4. Le sport, un échappatoire

Au cours de la recherche, nous avons pu constater la complexité de la prise en charge de ces mineurs délinquants. Bien que tous aient un point commun, le fait d’être suivis « au pénal », ils dénombrent tous des caractéristiques individuelles très différentes ce qui demande alors de les cerner et de comprendre leurs relations avec leurs pairs.
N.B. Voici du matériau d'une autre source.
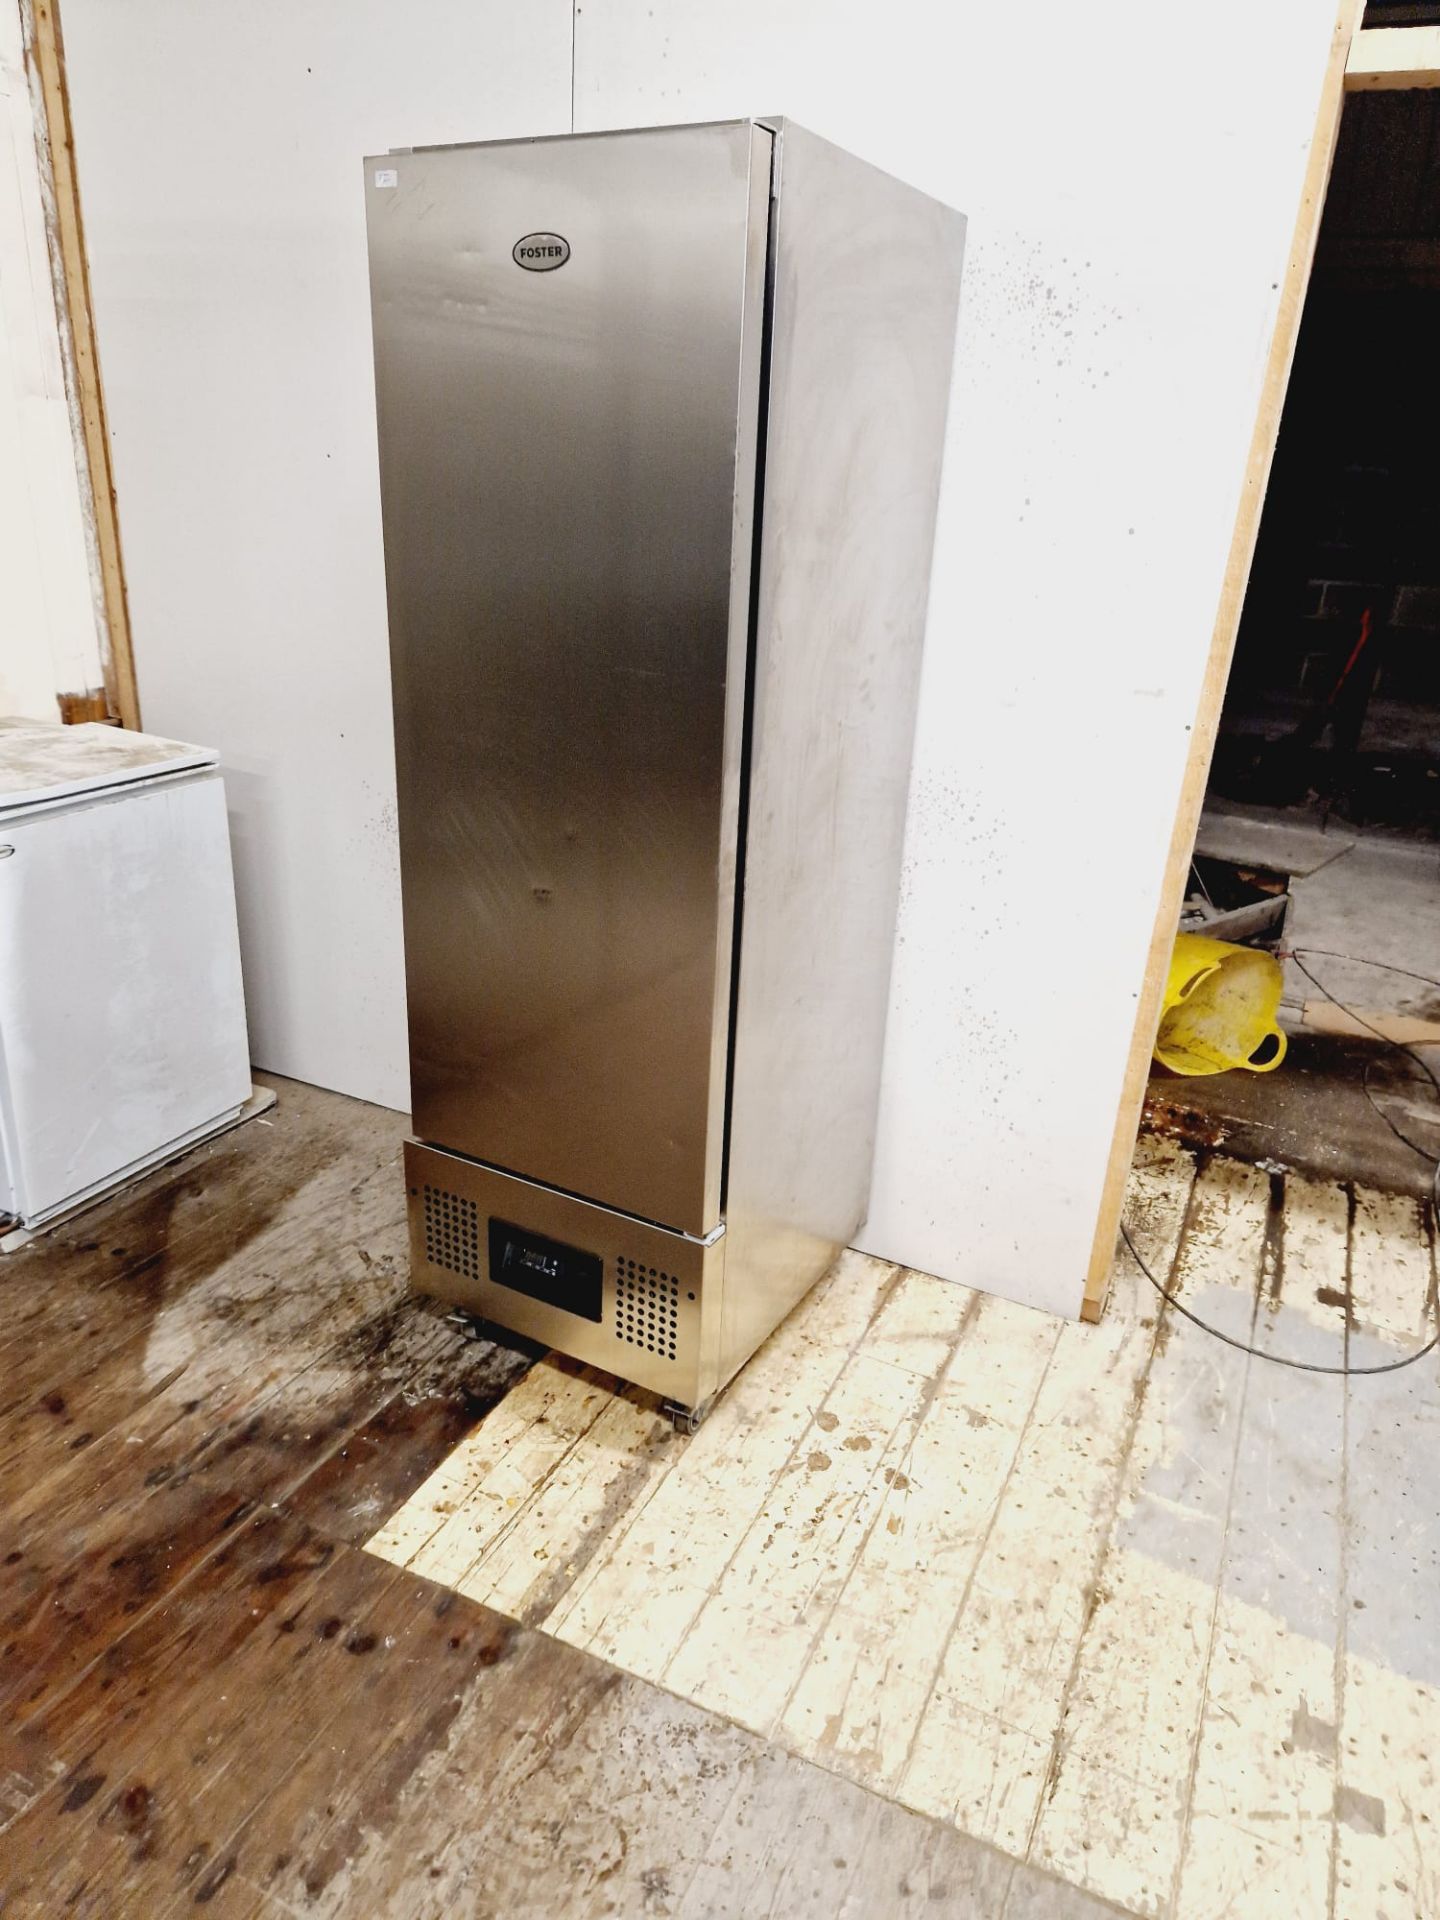 FOSTER SLIM LINE FREEZER - EP700 HSTB -18 TO -22 - FULLY SERVICED AND WORKING - Image 3 of 3

Ainsi, nous constatons rapidement, notamment à travers les entretiens, que ces jeunes ont parfois des profils très distincts, par exemple ayant des relations familiales calamiteuses ou se retrouvant sans relation familiale du fait de l’éloignement géographique. C’est cette dernière catégorie de jeunes, que nous pouvons qualifier de mineurs non accompagnés (MNA) qui nous intéresse le plus dans cette partie. Bien que les autres jeunes, d’après nos observations, utilisent aussi le sport afin de fuir la réalité pour envisager oublier leurs problèmes le temps de la pratique tout comme pour prendre simplement du plaisir, c’est bien en discutant avec les jeunes livrés à eux-mêmes, du moins avant d’avoir été pris en charge par la PJJ, que nous pouvons le plus relever ces aspects du sport. Alors, cette fois il n’est pas perçu comme un outil pédagogique à proprement parler mais bien comme une finalité, simplement l’activité physique et sportive au moment de la pratique.